WHAT IS BEING ASKED →
Starting at the line that contains "順応性グローバル真空ルドゥーブル 2mL 二重まぶた 化粧品", copy every line to the end of the material below exactly, and omit the pictures.

GIVEN DATA →

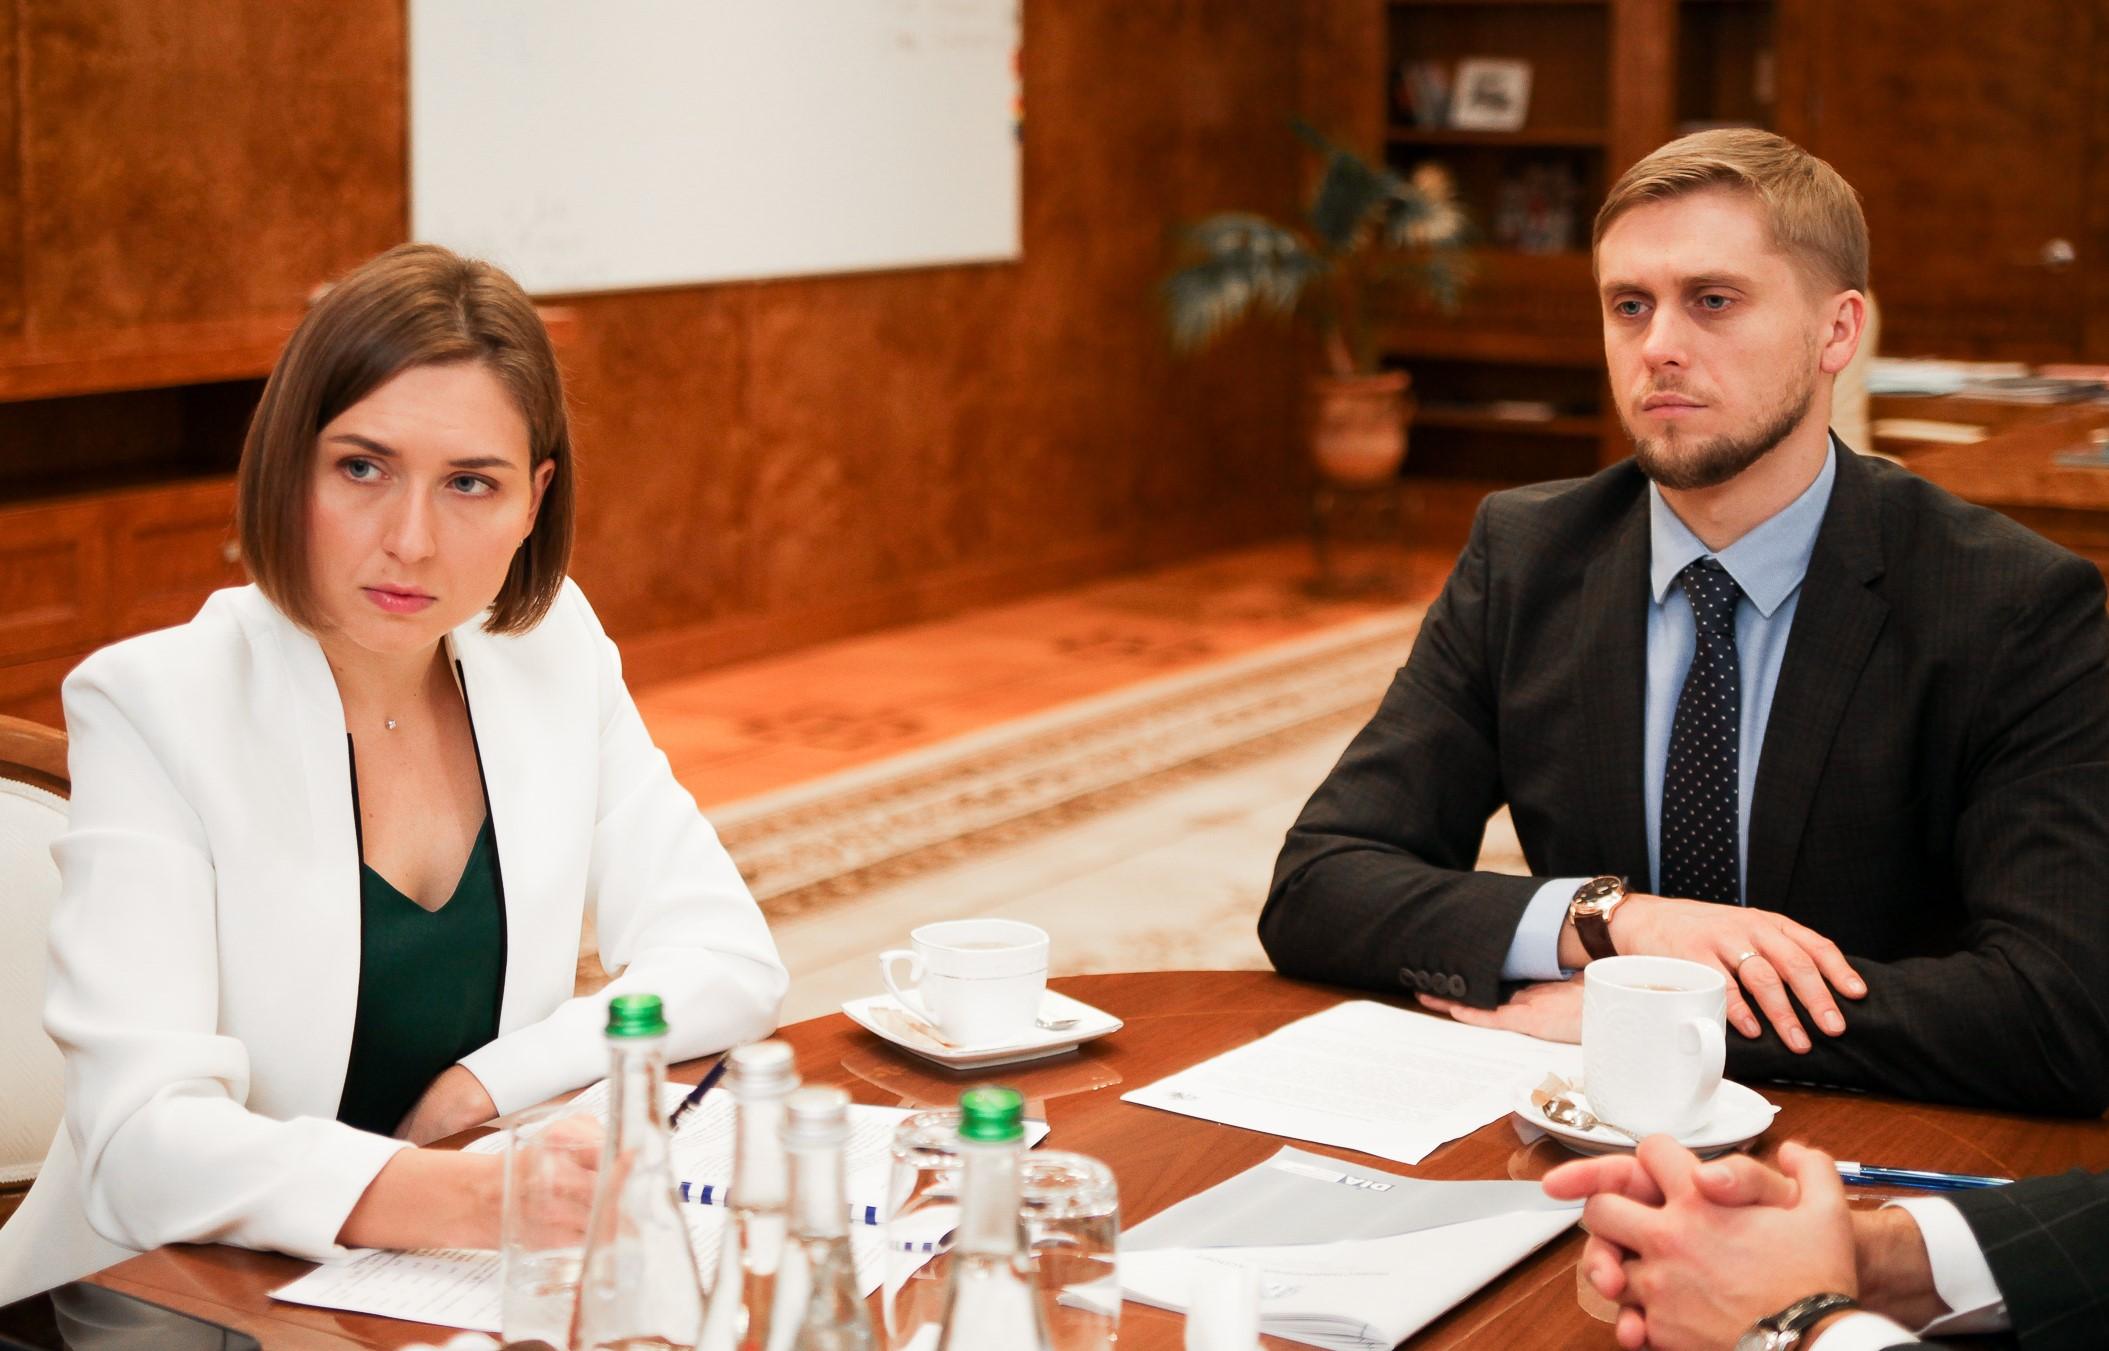 Ганна Новосад та Олександр Бондаренко зустрілися у Дніпропетровській ОДА
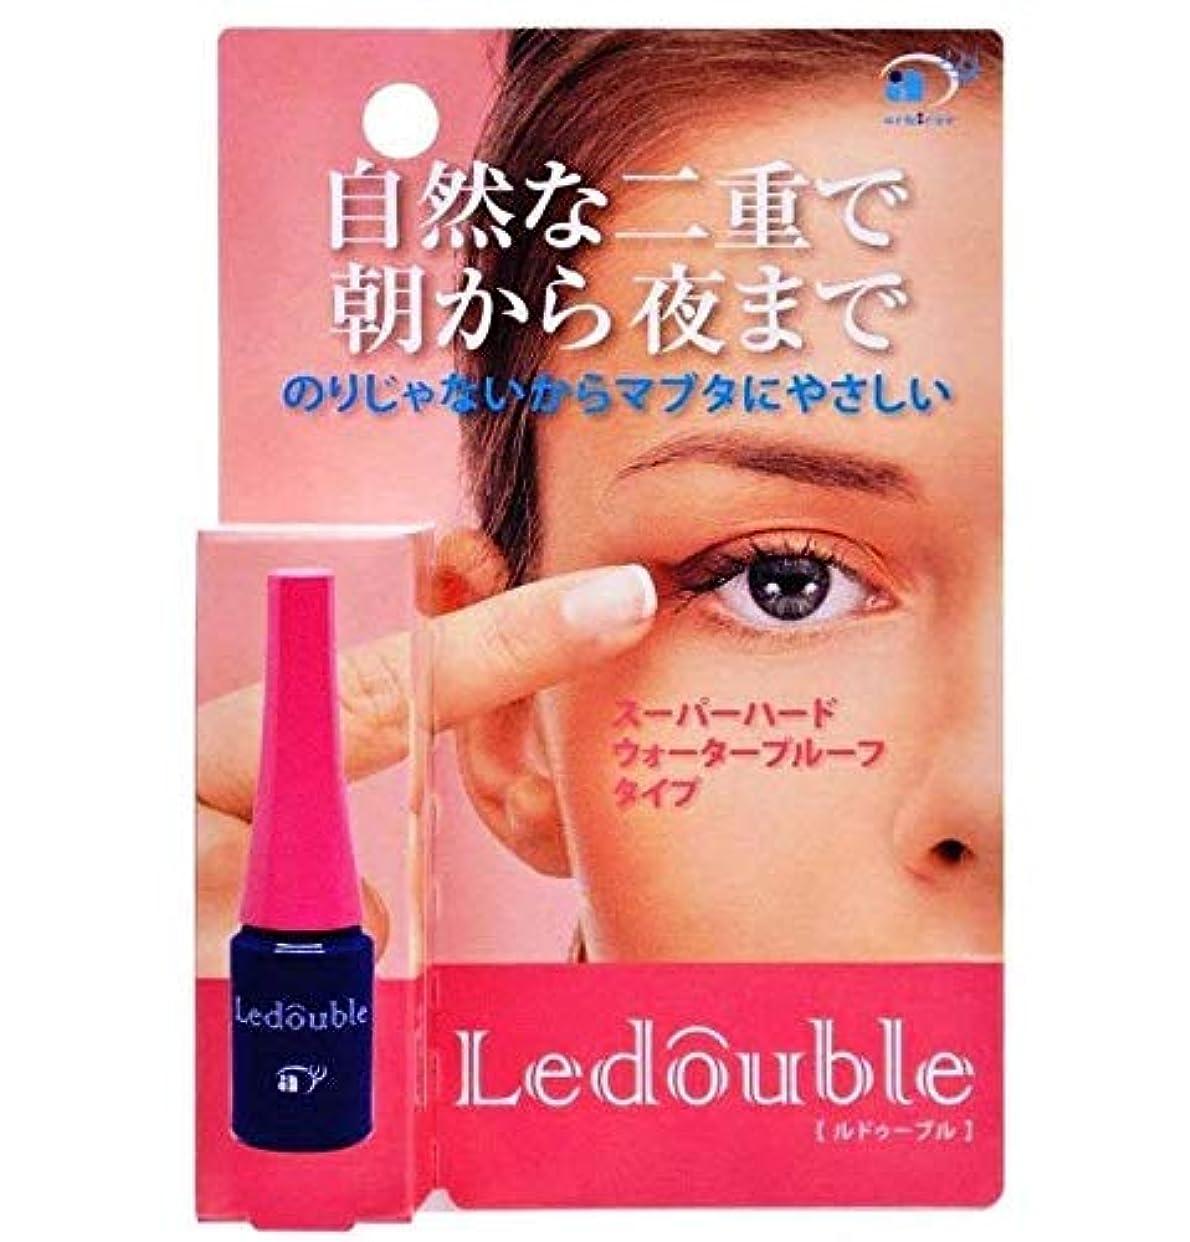 順応性グローバル真空ルドゥーブル 2mL 二重まぶた 化粧品
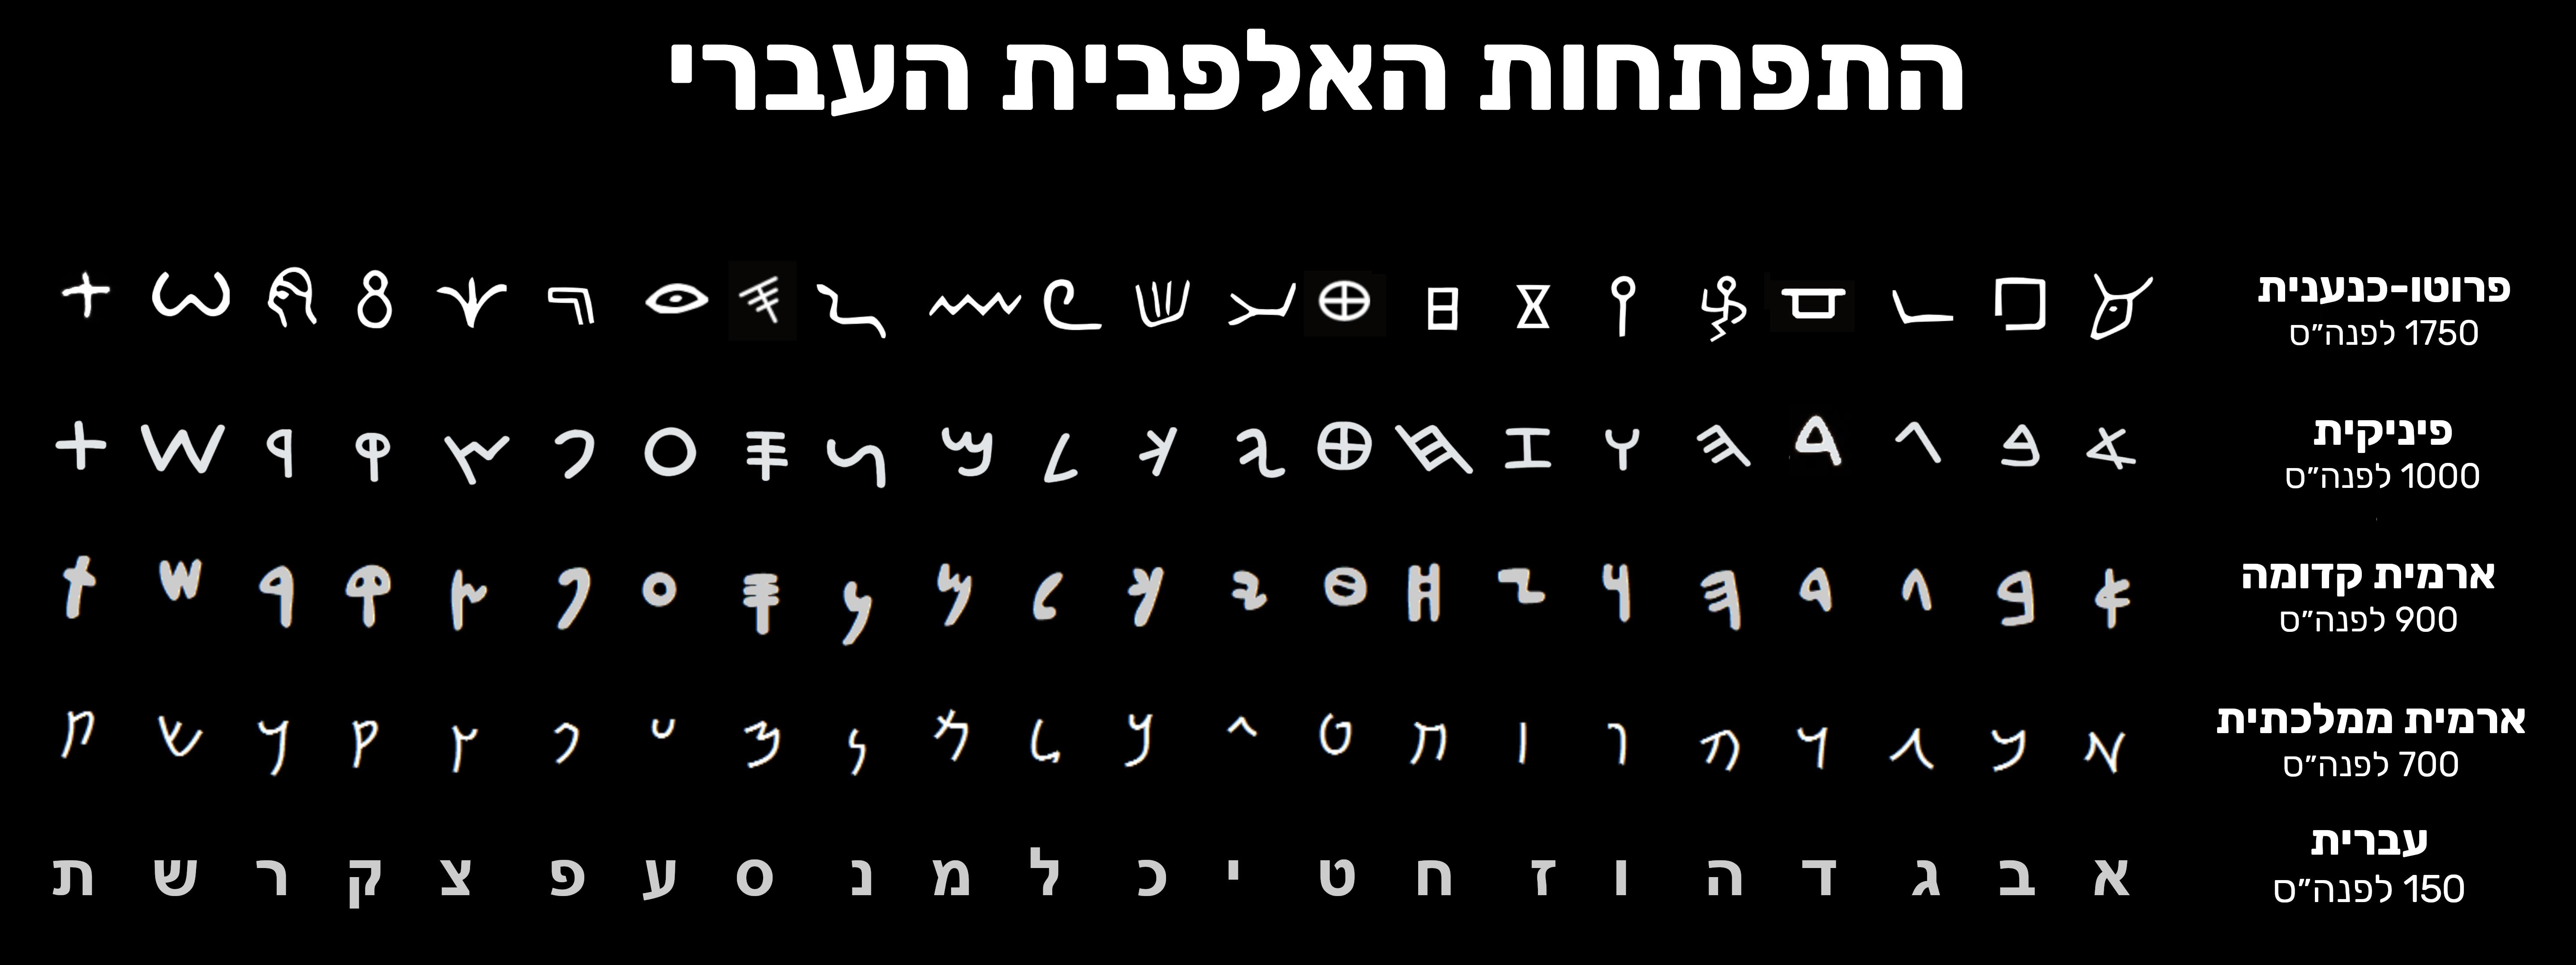 האבולוציה של האלפבית העברי

WRITTEN SOLUTION →
 順応性グローバル真空ルドゥーブル 2mL 二重まぶた 化粧品
 האבולוציה של האלפבית העברי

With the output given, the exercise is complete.